Medical Imaging Poster

Lead: Maciej Mazurowski

Participating Students:

Mohammed Elmzoudi

Mohammed Elmzoudi
My name is Mohammed Elmzoudi, from Fuquay Varina, North Carolina. I love studying CS and machine learning, and plan to continue learning more about them at Duke and through the CS+ program.

 

 

David Han

David Han
Hello, I am a rising sophomore from Chapel Hill planning to double major in Stats and CS, with plans to pursue a PhD and / or a career in the tech sector after Duke.

 

 

Easop Lee

Easop Lee
My name is Easop Lee, a rising senior double majoring in ECE and Physics. I am originally from Seoul, South Korea, but I went to high school in Baltimore. I intend to pursue a graduate degree in ECE after graduation. I am especially interested in deep learning and quantum computing. Outside of academics, I am a member of the varsity swim team at Duke.

 

Ashka Shah

Ashka Shah
Hello! My name is Ashka Shah and I from Mason, Ohio. I am currently studying Biology, Computer Science, and Global Health, and am interested in the intersection of health equity and technology. After Duke, I would like to pursue medical school or work in health technology, as I would love to work at the intersection of these three fields.

 
 

Description: In this project we ask the question: "Will a convolutional neural network trained on medical imaging data from one institution perform well on data from another institution?". This is a crucial question when it comes to practical implementation of machine learning algorithms in medicine. In this project, students will be exposed to concepts from the field of deep learning as well as become familiar with medical imaging data. You will have an opportunity to implement and test convolutional neural networks and will work as a part of a team including multiple experts in machine learning. The project will conclude in a collaborative paper.
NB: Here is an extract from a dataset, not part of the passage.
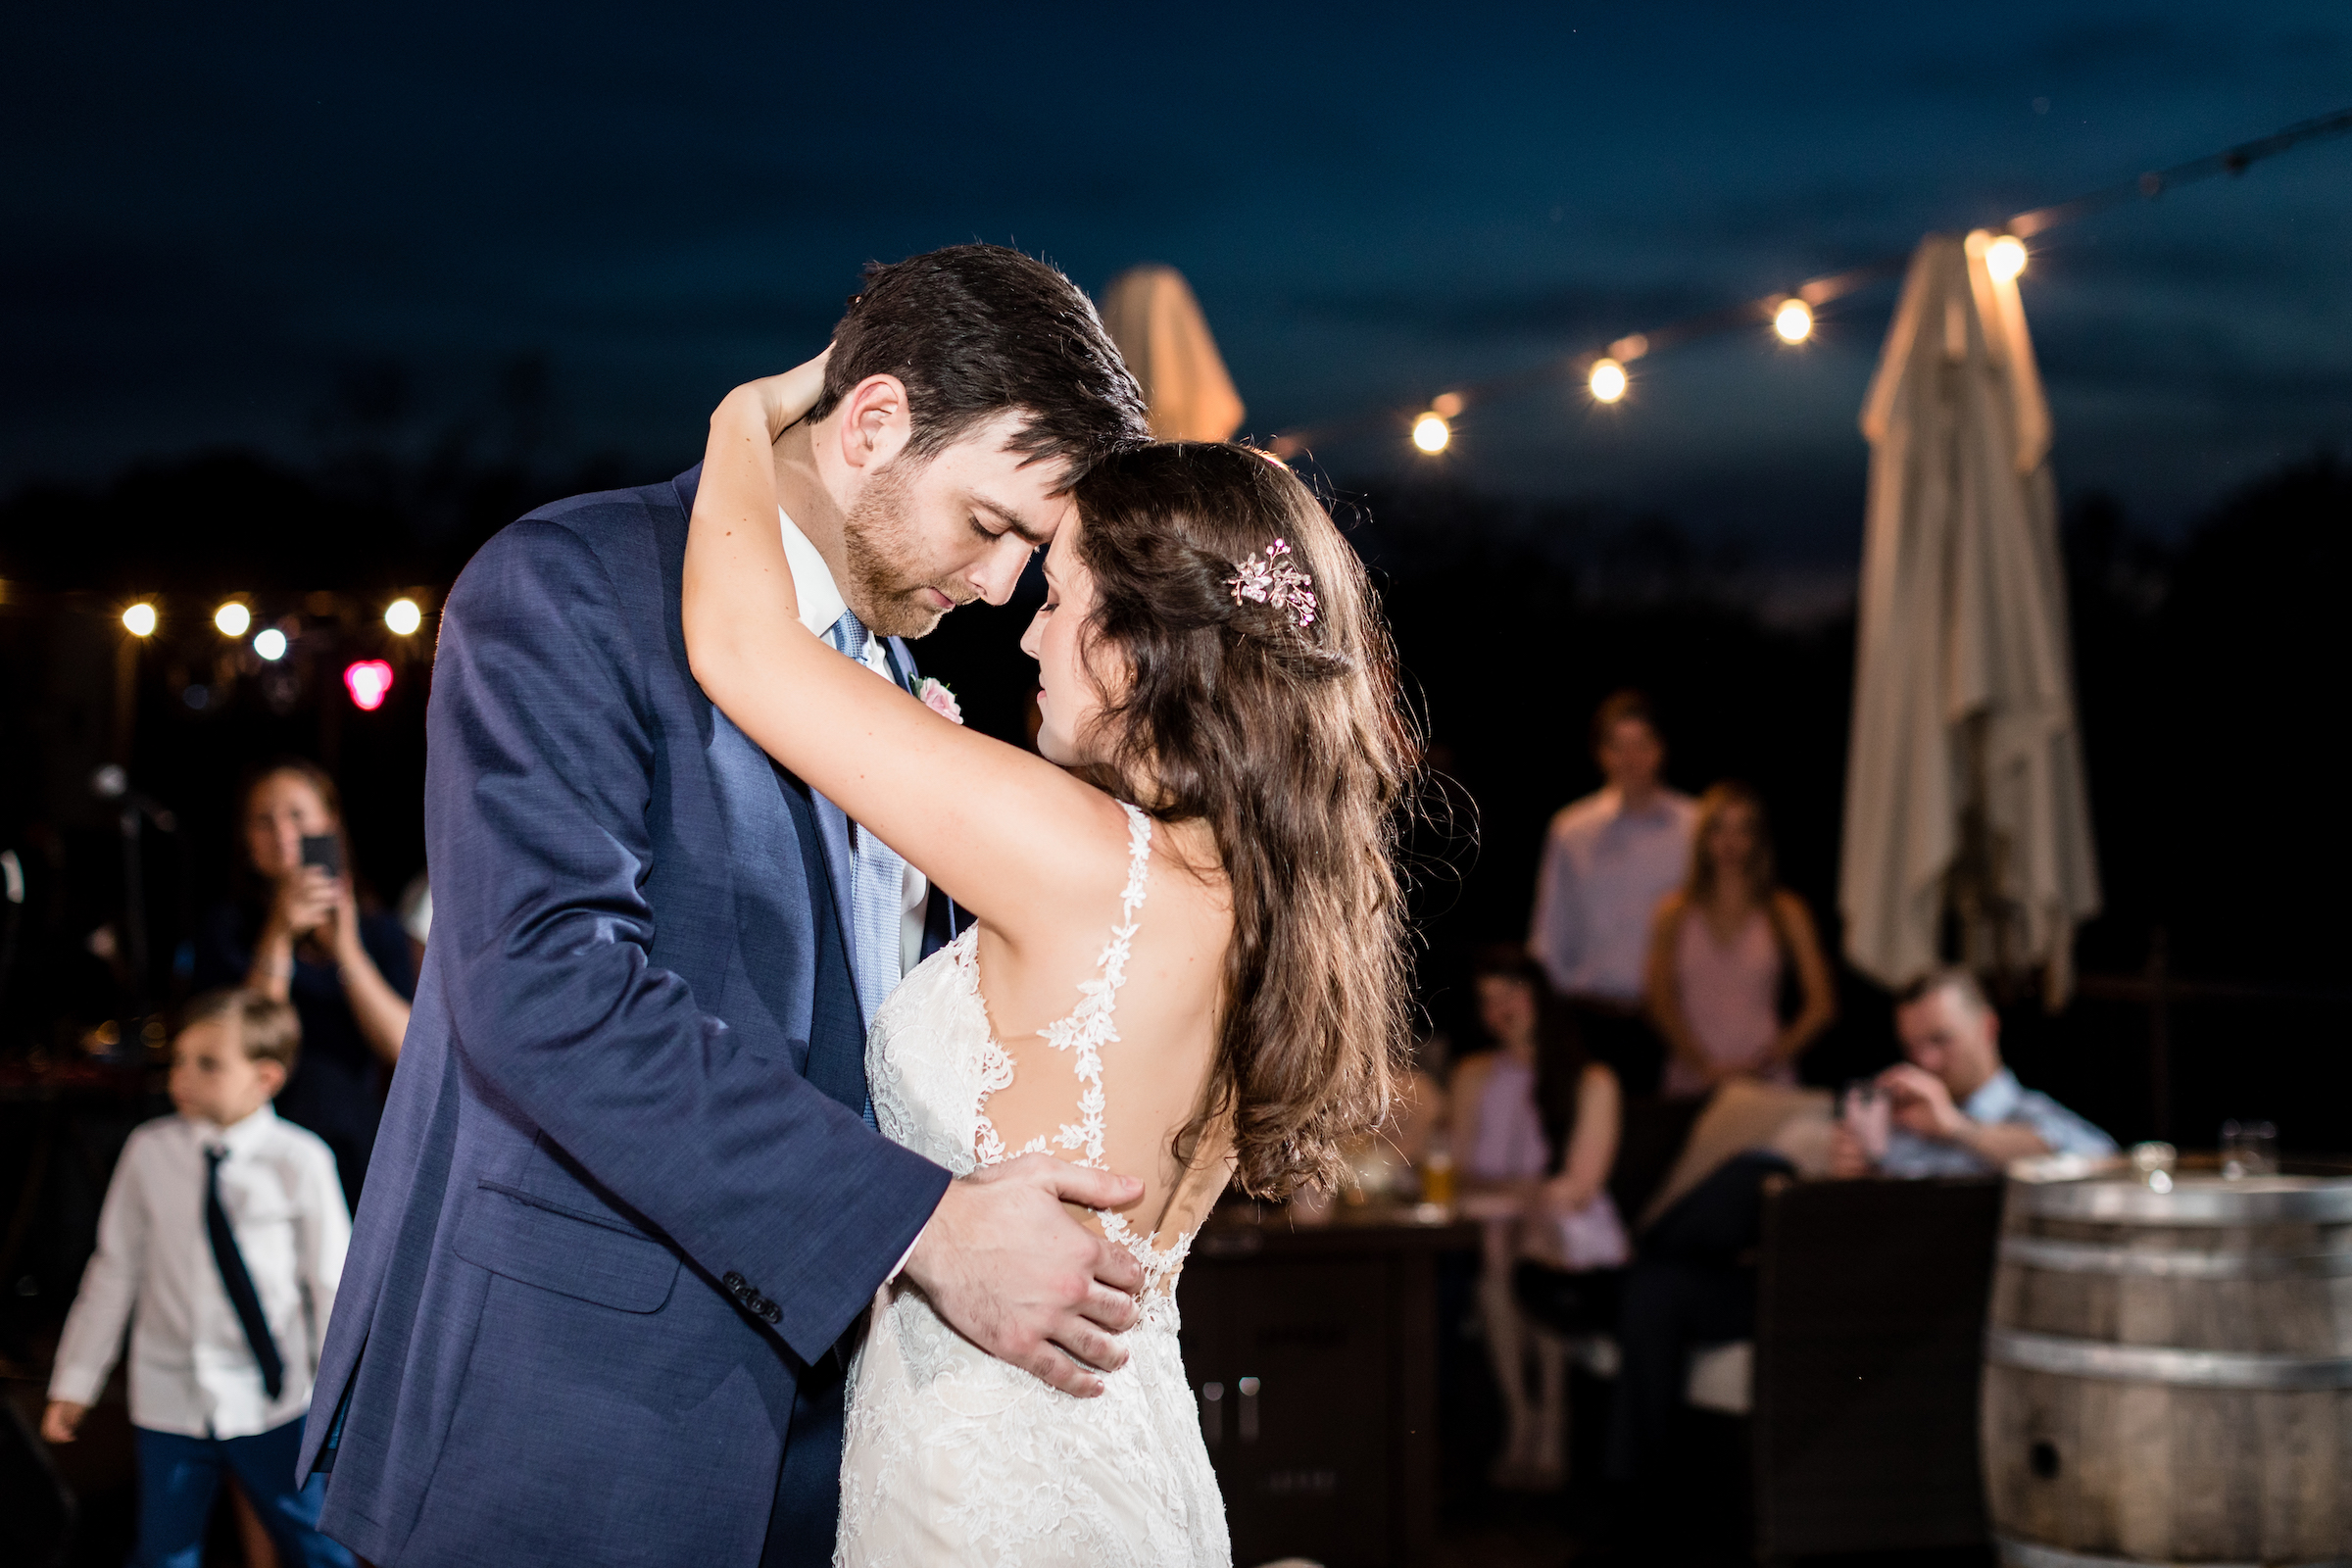 brielle-davis-events-kairos-photography-chandler-hill-wedding-dancing-627.jpg

Goals/Deliverables: We will share code and write a collaborative paper at the end of the project.

Background/Prerequisites: The students should have strong programming skills in Python and some experience in writing code involving convolutional neural networks.

Multi-Robot Motion Planning Poster

Lead: Pankaj Agarwal

Participating Students:

Ashley Hong

Ashley Hong
I'm from Chapel Hill, so Duke has always been on my radar. I am double majoring in Electrical and Computer Engineering and Computer Science, and I plan on going straight into industry after college. After gaining some work experience, I would potentially go back to school to complete a graduate degree as well. Outside of school, I enjoy playing soccer and learning the guitar. I am very excited to work on the Multi-Robot Motion Planning project this year and be a part of the CS+ community!

Ellie Kim

Ellie Kim
I am currently a third-year undergrad student at Duke University studying Computer Science. I was born in Chicago but I grew up in Chapel Hill, North Carolina. After Duke, I am interested in possibly attending graduate school for computer science. In my free time, I enjoy dancing hip-hop and open style as well as writing poetry.

 
 

Description: Multi robot systems are widely deployed in logistics, a variety of civil engineering and nature preserving tasks, and in agriculture, to name a few areas. With the broad progress in robotics, the task of planning the motion of multi robot systems with performance guarantees is of increasing importance. One aspect of the autonomy of a multi-robot system is its collision-free motion capability, namely the ability of its constituent robots to navigate in their workspace without colliding with obstacles nor with other robots. The basic motion-planning problem for a team of robots is to plan such collision-free paths for the robots between given free start and final positions. Specifically, we are given a family of robots, each modeled as a simple shape (e.g. disc), moving in a planar environment. Given a set of initial and final placements for each robot, the goal is to find a good quality motion plan for all the robots. The quality of a motion plan is measured by the sum of lengths of the paths or the maximum taken by a robot to reach its destination. The overall goal is to design scalable algorithms for finding high-quality motions.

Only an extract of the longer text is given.